Ein Jahr später wurden die deutschen Gefangenen nach England "umgesiedelt" (wahrscheinlich, weil die Engländer in Gibraltar mit ihnen nicht klarkamen), wo er dann vor die Wahl gestellt wurde, entweder seine Zeit in einem (unkomfortablen) Kriegsgefangenenlager das Ende des Krieges abzusitzen, oder sich in ein Privilegecamp (Vorzugslager) versetzen zu lassen, wo man - zwar auf eigene Kosten - mit größerem Komfort untergebracht werden konnte. Nachdem mein Vater ja ein feiner Pinkel war, wählte er letztere Möglichkeit, wodurch sich aber auch seine ganzen Ersparnisse auf ein Minimum reduzierten. Seine Internierung erfolgte im Lofthouse Park, Wakefield.

Im Jahr 1919 kam dann der Austausch: 2 Engländer gegen einen Deutschen (die Bedeutung einer solchen Bewertung ihrer eigenen Offiziere erkannten die Engländer damals noch nicht ... ) unter der Maßgabe, dass die Engländer direkt von Deutschland aus heimreisen durften, die Deutschen aber ein Jahr in Holland interniert wurden.

Und nun wird auch das zweite Geheimnis offenbart: In Rotterdam, wo er seine Zeit verbringen musste, lernte er seine spätere Frau kennen, die dann zufälligerweise meine Mutter werden sollte. Sehr zum Ungemach meiner Großmutter, die während all dieser Zeit schon auf eigene Faust eine ihr genehme Schwiegertochter ausgekundschaftet hatte, eine gute Partie, die doch die Tochter der Wittmann-Brauerei aus Ingolstadt sein sollte.
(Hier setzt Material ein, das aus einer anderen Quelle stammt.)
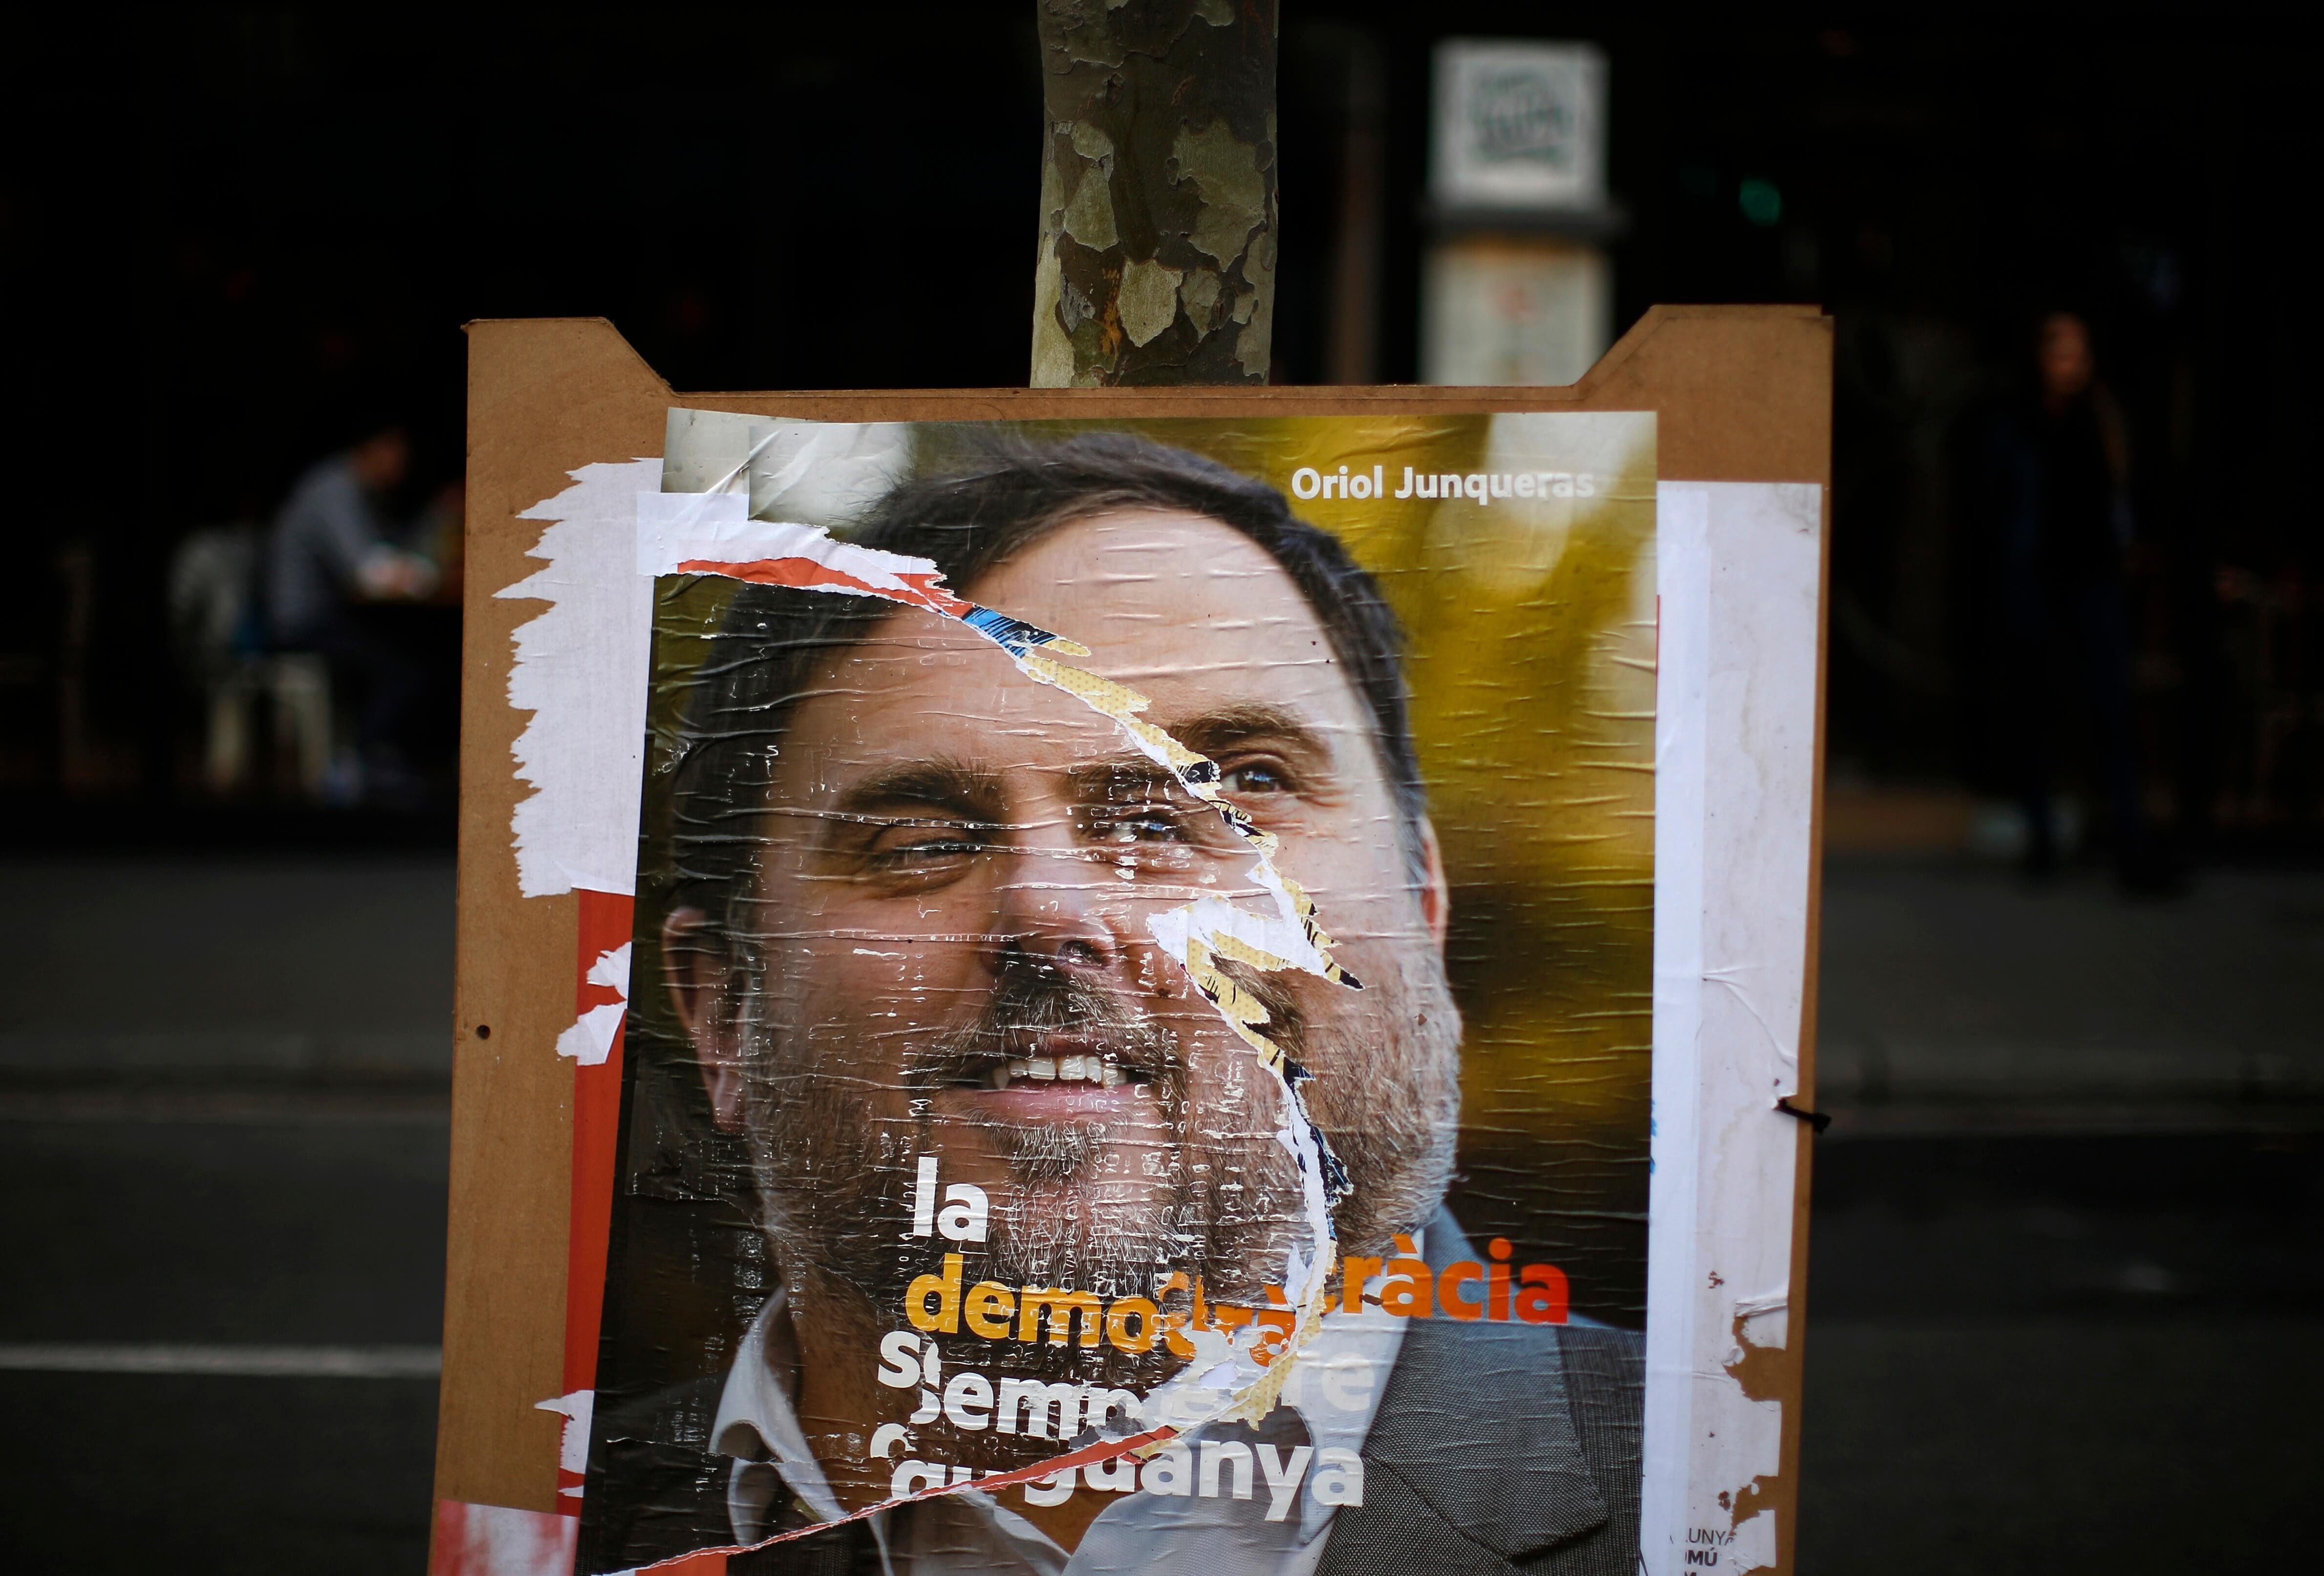 Crisis política catalana ha costado mil millones de euros

Aber unsere Mutter war genauso wenig eine schlechte Partie wie die Wittmann-Tochter, kam aus gutem Hause und war die Nichte eines Rotterdamer Reeders, der im neunzehnten Jahrhundert mehrere Segelschiffe nach Ostasien sein eigen nannte.-Ein anderer Onkel war Direktor des Claridge's Hotel in London. Die „Süddeutsche Zeitung" schreibt darüber in ihrer Ausgabe vom 24. Mai 2013: „Auf der anderen Seite der Oxford Street liegt das Hotel Claridge's. Es handelt sich um eines der wunderbarsten Hotels der Welt, eine Mischung aus Art déco und viktorianischem Stil".
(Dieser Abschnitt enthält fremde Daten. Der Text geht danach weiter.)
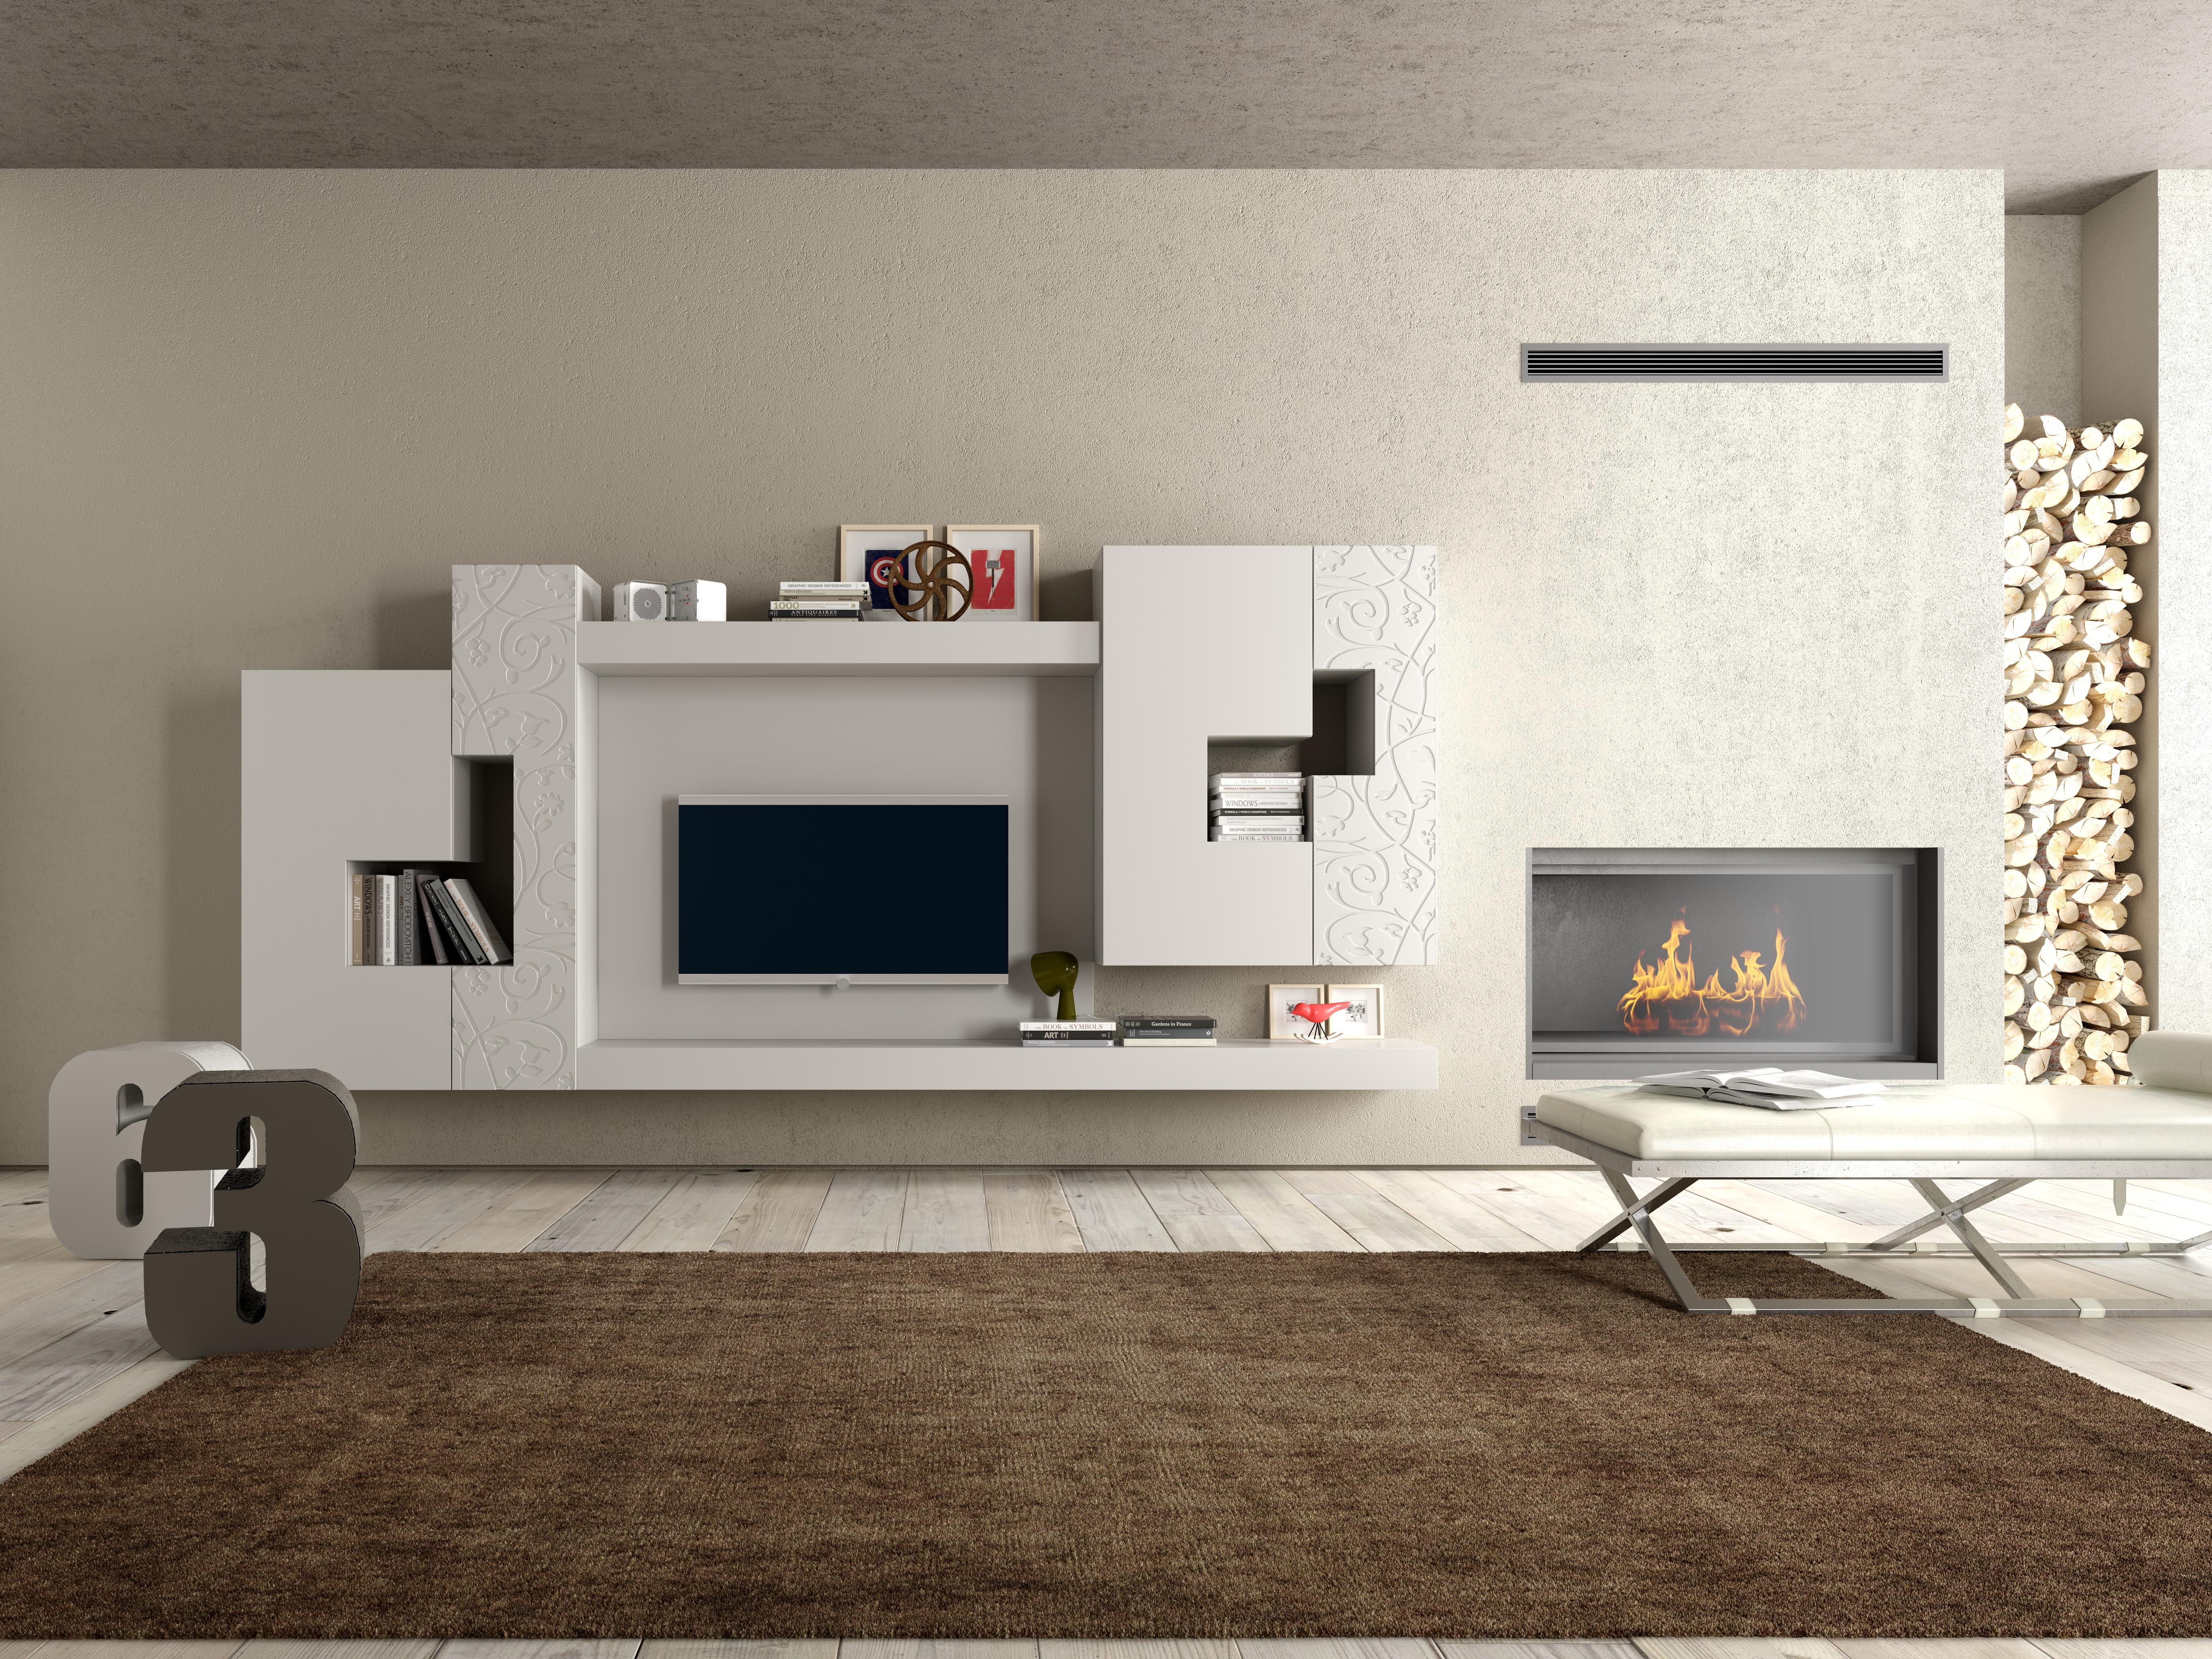 arredamenti moderni decorati | voltan mobili - Mobili Moderni Foto

Mit ihm in Rotterdam interniert war sein Freund Clemens Molls aus Mönchen-Gladbach-Rheindalen, U-Bootkommandant. Beide waren begeisterte Segler und zum Segeln gab es in der Nähe von Rotterdam genug Gelegenheit. Eines Tages wollte unser Vater seine neue Eroberung seinem Freund vorstellen. Dazu hatte er aber seine zukünftige Frau, die ja kein Wort Deutsch verstand und mit ihren 19 Jahren noch sehr unbedarft war, folgendermaßen auf das Treffen mit seinem Freund vorbereitet: Wenn du ihm eine große Freude machen willst, dann musst du ihn mit den Worten begrüßen: „Grüß Gott, Herr Molls, du kahlköpfiger Schweinehund". Und das paukte er mit ihr, bis es saß. Molls stutzte, brach aber dann in schallendes Gelächter aus, denn er wusste, woher der Wind wehte. Mit Familie Molls hegten wir noch bis lange nach dem Krieg in die sechziger Jahre eine sehr innige Freundschaft. Sie endete, weil ich mich für ihre Tochter Jülchen interessierte, ich denen aber nicht gut genug war.

Onkel Clemens, wie ich ihn als 5jähriger Stoppsel nennen durfte, war es, der mich lehrte, die Uhr zu lesen. Dazu brachte er mir mal während einer seiner Besuche aus Mönchen-Gladbach-Rheindalen eine runde Kartonuhr mit drehbaren Zeigern mit, mit der ich diese Kunst schnell intus hatte.